A century or so ago, particularly in German-language chess literature, it was common to spread an exclamation mark or question mark across two or more moves which comprised a manoeuvre or idea. An example is the conclusion of Maróczy v Marco, Monte Carlo, 1902 on page 36 of the January 1904 Wiener Schachzeitung:
A general matter is mentioned here in passing, concerning the use of punctuation in prose.
It may be wondered why so many people nowadays put question marks after indirect questions? And maybe/perhaps stranger still, question marks after maybe/perhaps? And after other ordinary statements which are not questions? We assume that there is some explanation?
See too C.N. 9887.
C.N. 582 reported that on page 148 of the Australasian Chess Review, 17 June 1937 a move received eight question marks.
Another case was on pages 15-17 of Chess World, January 1967. The game was annotated by W.J. Geus, but only the punctuation is shown below:
Douglas Gibson Hamilton – Emanuel Basta
Championship of Victoria, Melbourne, 1966
1 e4 c6 2 d3 d5 3 Nd2 e5! 4 g3 Nf6 5 Bg2 Be6 6 Ngf3 dxe4 7 dxe4 Nbd7 8 Qe2 Be7 9 h3 h6 10 O-O g5! 11 Nc4 Qc7 12 Nh2 O-O-O 13 a4 Bc5 14 c3 Nb6 15 Nxb6+ Bxb6 16 b4 a5! 17 Be3 axb4 18 a5!? Bxe3 19 fxe3!? Ne8 20 a6 b5 21 cxb4 Bc4 22 Qg4+ Kb8 23 Rfc1 Ka7 24 Bf1 Nd6 25 Qf3 h5 26 Be2 Rd7 27 Nf1 g4! 28 hxg4 hxg4 29 Qxg4
29...f5!! 30 exf5 Bd5! 31 Bd3 Rg7 32 Qe2 Rh1+ 33 Kf2 e4! 34 Bxb5 Nxb5 35 Kg2
35...Nd4?!? 36 Qb2! Nf3??
37 b5???????? Rxg3+! 38 Nxg3 Rh2+ 39 Kf1 Rxb2 40 White resigns.

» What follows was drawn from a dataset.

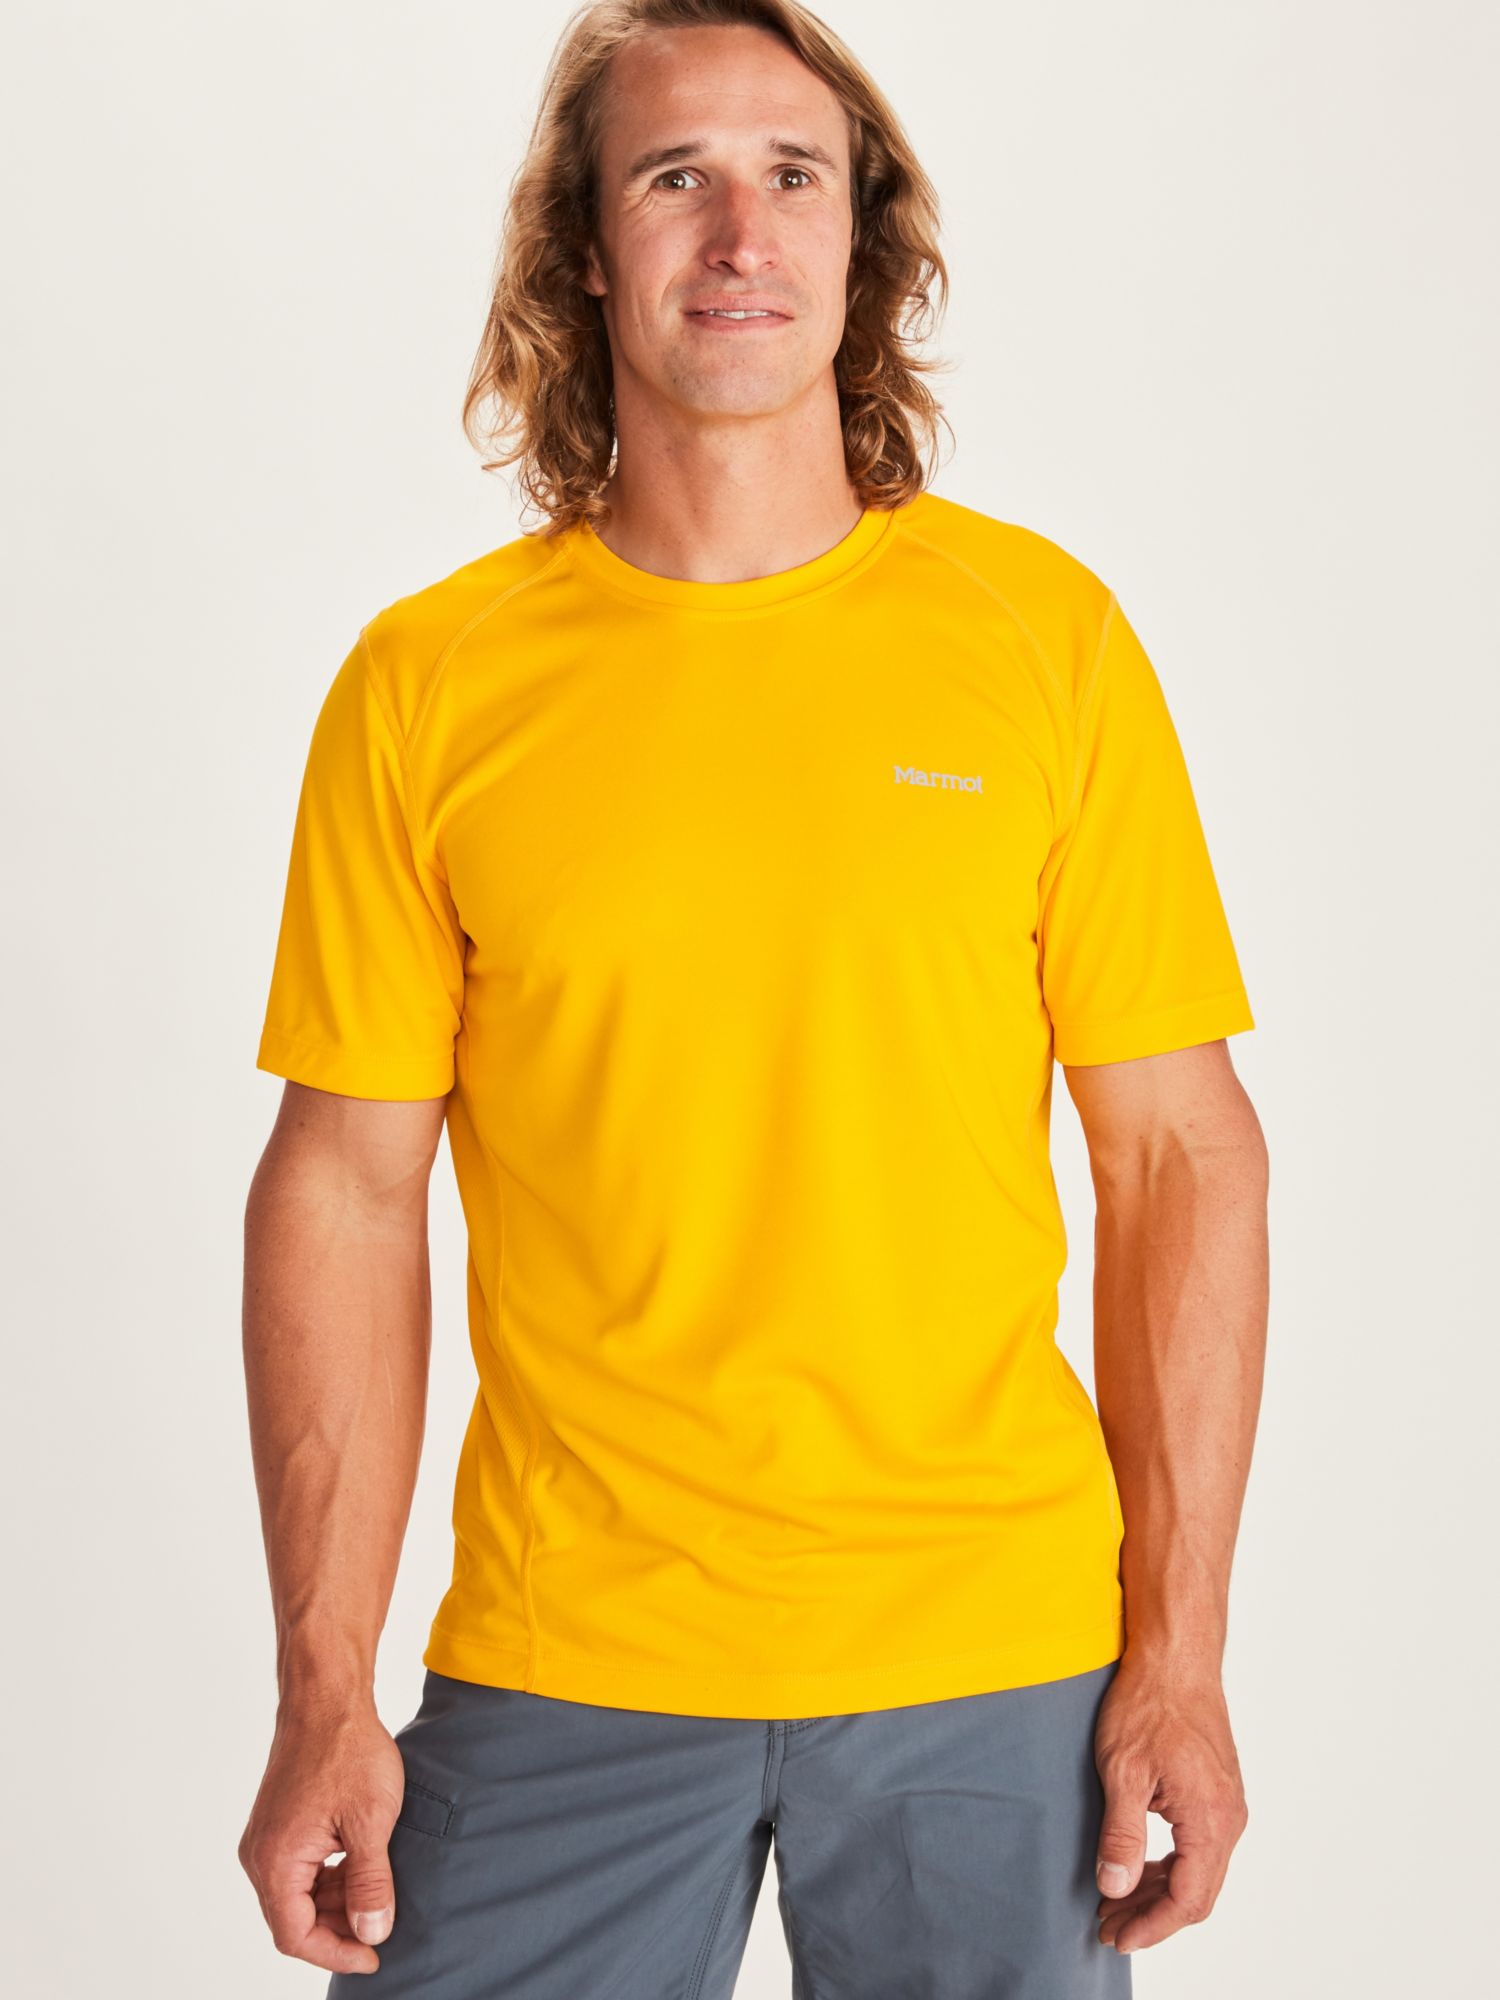 Men's Windridge Short-Sleeve Shirt

After White’s 37th move Geus wrote:
‘This annotator believes that the difference between the winning move (37 KxR) and the text deserves as many ?s as the printer is likely to tolerate.’

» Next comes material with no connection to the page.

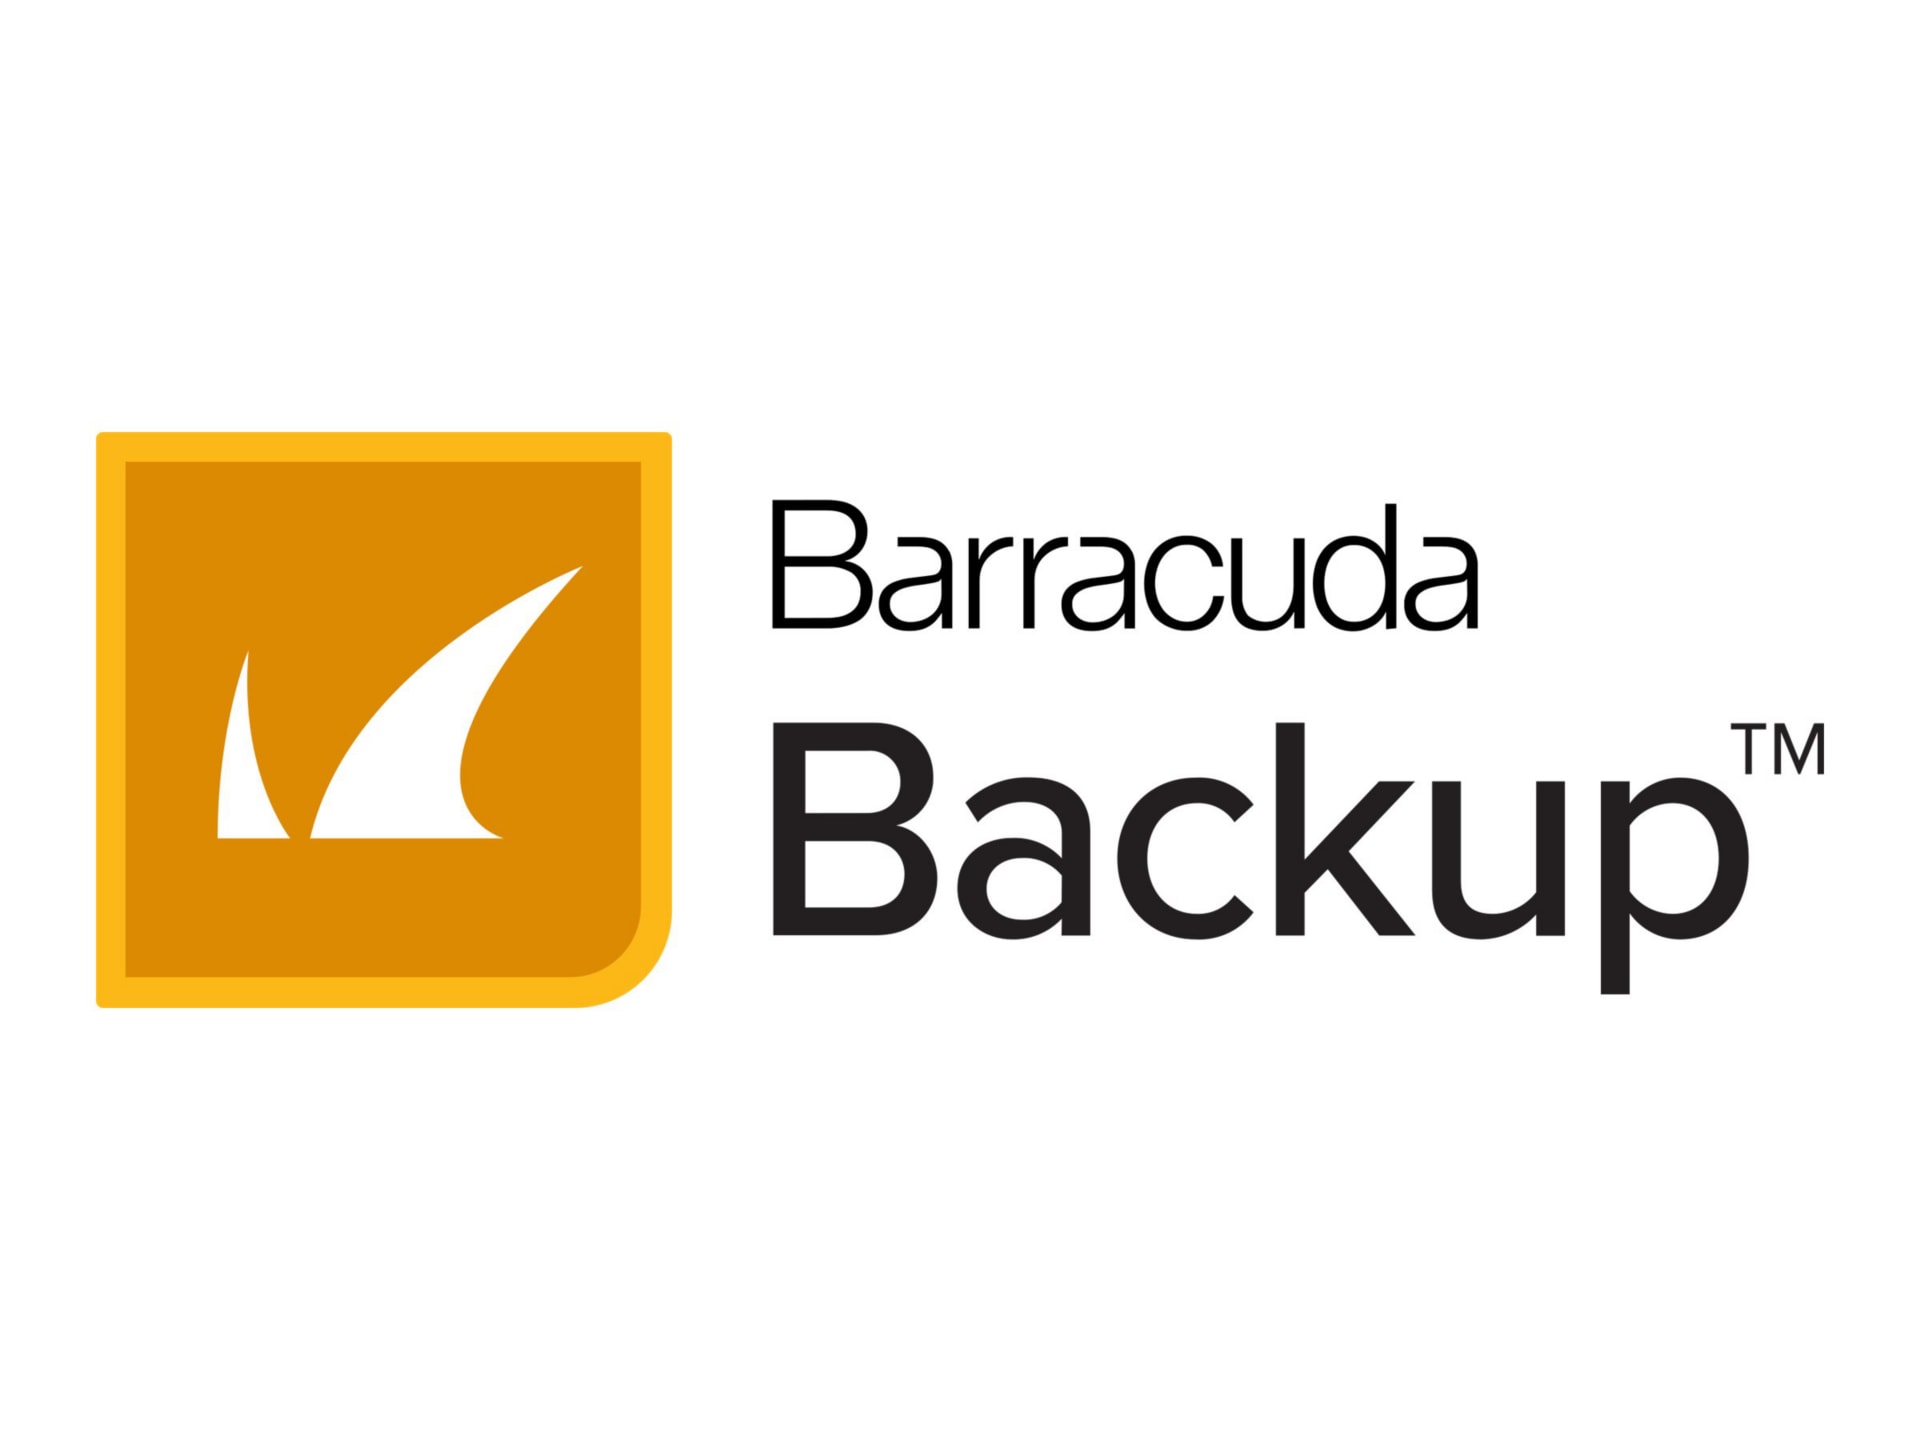 Barracuda Backup Vx - subscription license (1 month) - 1 TB cloud storage s

An example of punctuation which is accidentally wrong in a game-score occurs on page 104 of Scacchi (‘Manuale di base’) by Paola Cavallanti (Florence and Milan, 2002): in Capablanca v Spielmann, New York, 1927, 18 axb5 is given two question marks.

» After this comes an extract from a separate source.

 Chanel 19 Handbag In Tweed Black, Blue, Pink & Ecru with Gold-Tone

The final paragraph of the Introduction to Confessions of a Chess Grandmaster by A. Soltis (Davenport, 1990):
‘And I’m not going to bore you with two pages of sub-variations explaining why 22 b3!? is slightly better than 22 Rc2?! There is entirely too much punctuation wasted today by members of the Hübner-Timman school who will give you reams of analysis to reveal the absolute truth about a game but may not get around to explaining why a move is good, what was in the player’s mind when he played it or how it can help you improve your own play.’